Führung durch das Uniklinikum Essen

Wie sieht das Uniklinikum aus? Wie erreiche ich es? Wo finden meine Vorlesungen statt? Wo gibts einen Kaffee zu kaufen? Alle diese Fragen beantwortet dieser Rundgang durch das Universum der Essener Medizinstudierenden.

Einschreibung und Fahrt zum Uniklinikum

Die Einschreibung für die Studienanfänger oder Ortswechsler erfolgt an der Hauptuniversität. Wer in Essen studiert, muss immer unterscheiden zwischen Hauptuni und Uniklinik. Denn an der Uniklinik finden mit Ausnahme von Chemie und Physik sämtliche Vorlesungen statt.

Website der Uni Duisburg-Essen für Studieninteressierte

 

Das Studierendensekretariat der Hauptuni - erste Anlaufstelle

 

Wer sich einschreibt bekommt auch eine Universale. Das ist ein Studierendenausweis im Kreditkartenformat. Er dient gleichzeitig als Fahrkarte oder Zahlmittel in Mensa und Cafeteria. Mit diesem Ausweis meldet man sich auch jedes Semester an einem der "Terminals" zurück. Hier kann man den Studienbeitrag per Mastercard abbuchen lassen, Studienbescheinigungen ausdrucken oder die Adresse bei Umzug ändern. Die Terminals befinden sich überwiegend an der Hauptuni: im Studierendensekretariat und im Mensa-Foyer. Praktischerweise gibt es aber auch ein eigenes für die Medizinstudierenden am Uniklinikum. Das Terminal befindet sich im Verwaltungsgebäude, dem Eingang zum Uniklinikum.

 

Terminal für die Universale
im Studierendensekretariat der Hauptuni

 

Möchte man die Universale als Zahlmittel in Mensa und Cafeteria nutzen, muss man sie aufladen. Dies ist entweder an zwei Automaten im Mensa-Foyer der Hauptuni möglich, oder bei den netten Damen an der Kasse der Mensa des Uniklinikums. Ja, das Uniklinikum hat eine eigene Mensa, aber dazu später mehr.

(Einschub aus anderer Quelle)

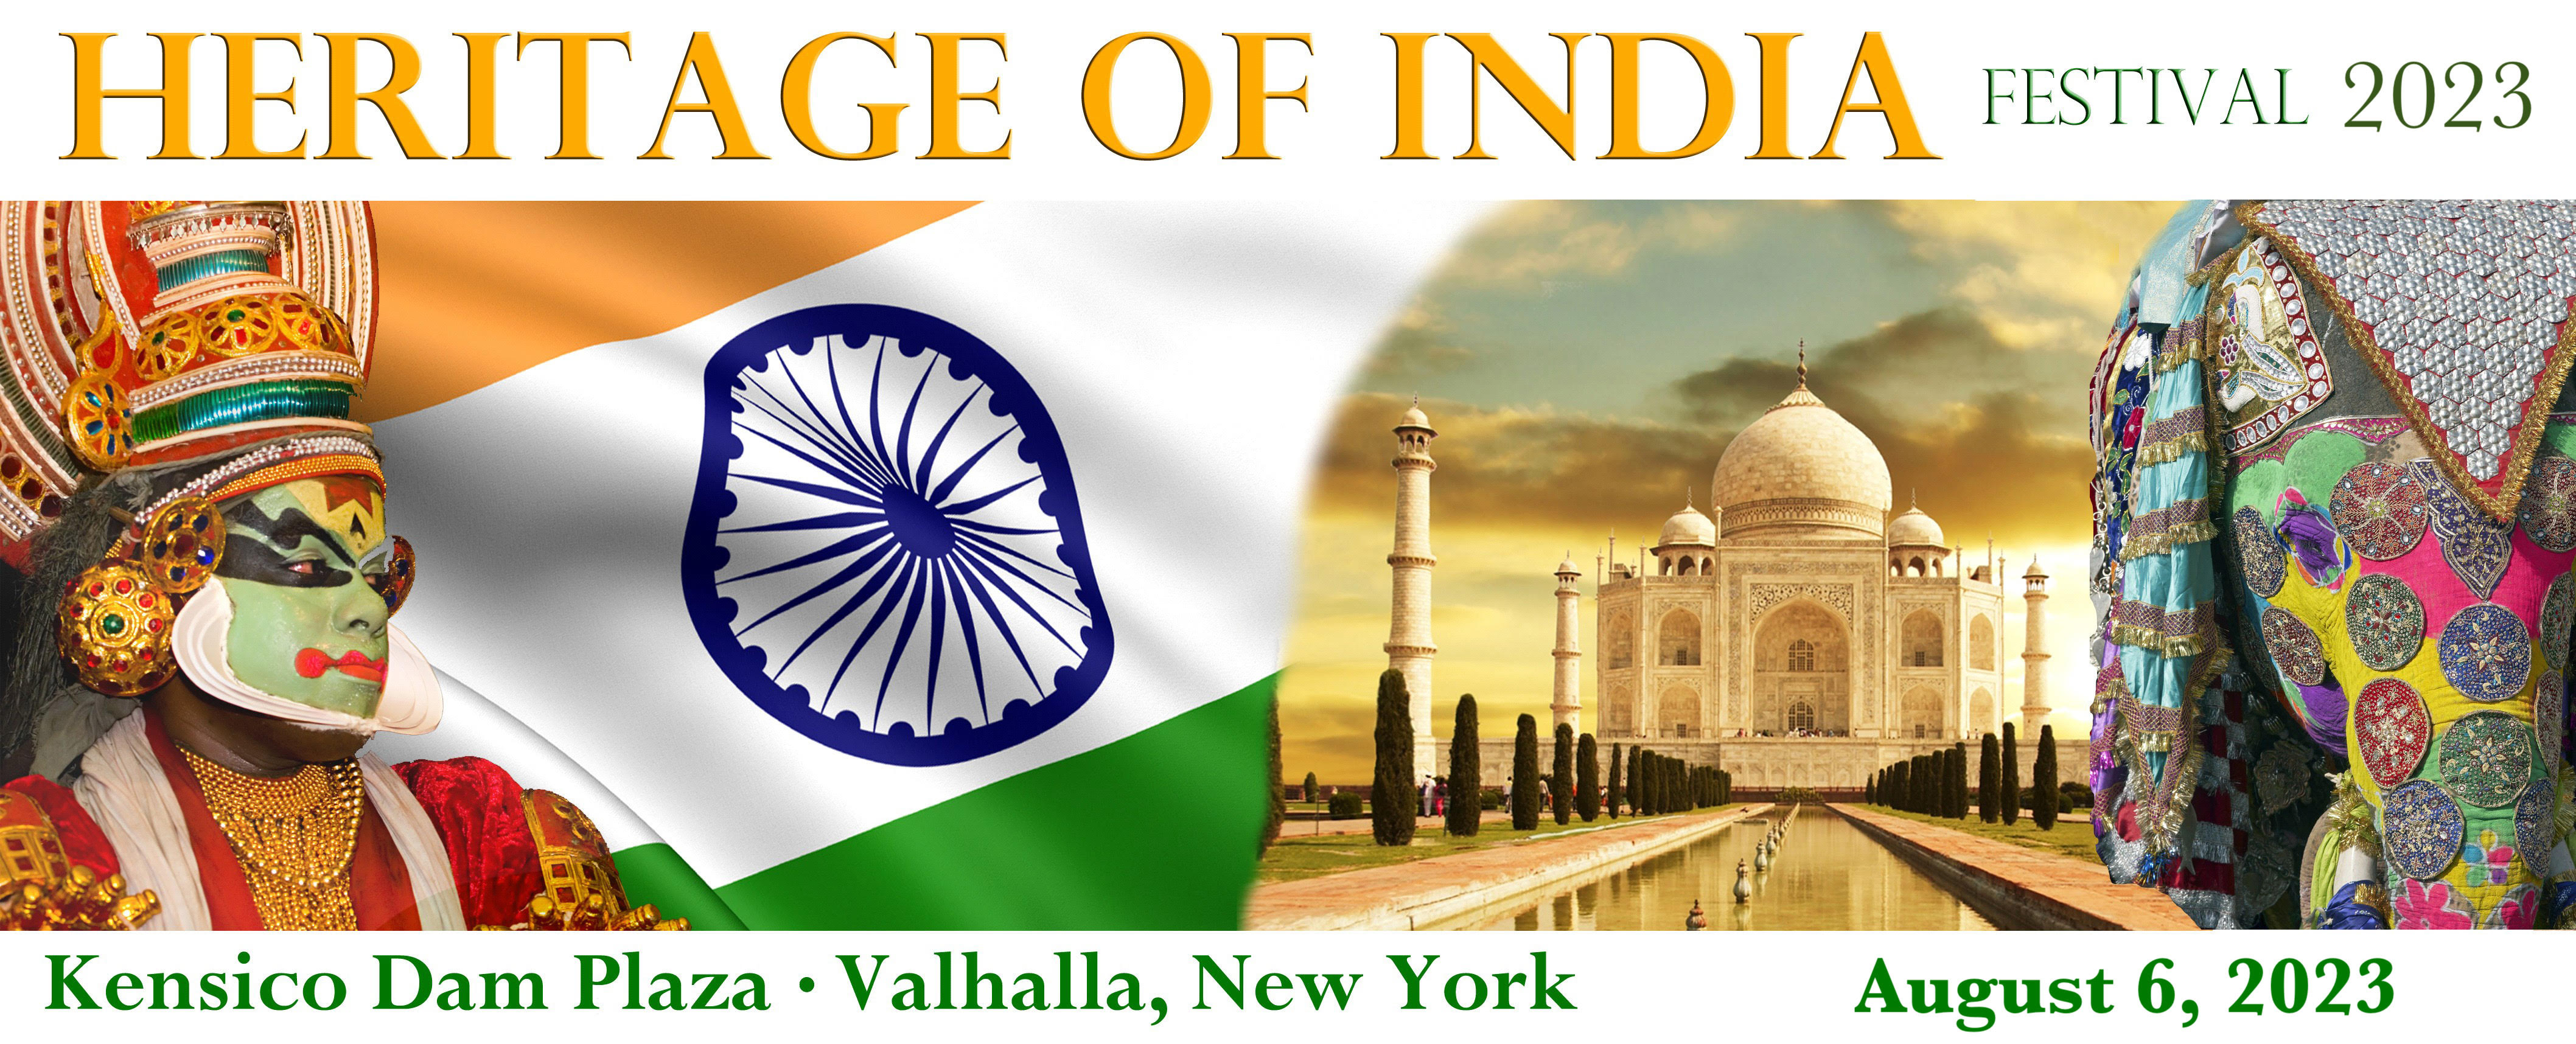 Image-on-flyer-of-23rd-Heritage-Festival-of-India-to-be-held-in-Westchester-NY-Aug.-6-2023.-PHOTO-courtesy-IACAW.jpg

Lagepläne und Informationen zur Anreise zu Uniklinikum oder Hauptuni finden sich unter folgendem Link:

Website mit Lageplänen und Anreise

 

Warnung und erste Blicke auf das Uniklinikum: die Institutsgruppe eins

Von einer Anfahrt mit dem Auto zum Uniklinikum ist dringend abzuraten. Die Parkplatzsituation ist denkbar schlecht. Selbst das Parkhaus erweist sich manchmal als wenig hilfreich auf der Suche nach einem Standplatz. Beliebt zum Parken (siehe Lageplan) sind Esmarchstraße, Virchowstraße und Hohlweg. Aber gerade hier ist die Konkurrenz riesig. Außerdem hat das Ordnungsamt diese Gegend ständig im Visier. Hier werdenregelmäßig Knöllchen verteilt und hier wird definitiv abgeschleppt.

 

Halteverbotsschilder sind mitunter
ein wenig versteckt

 

Deutlich günstiger und zudem sehr einfach ist die Anreise mit U- oder Straßenbahn. Empfehlenswerter ist die Straßenbahn, sofern man vom Hauptbahnhof kommt, denn die Linie U 17 fährt die Strecke schneller als die Straßenbahn 106. Das liegt daran, dass sie seltener hält.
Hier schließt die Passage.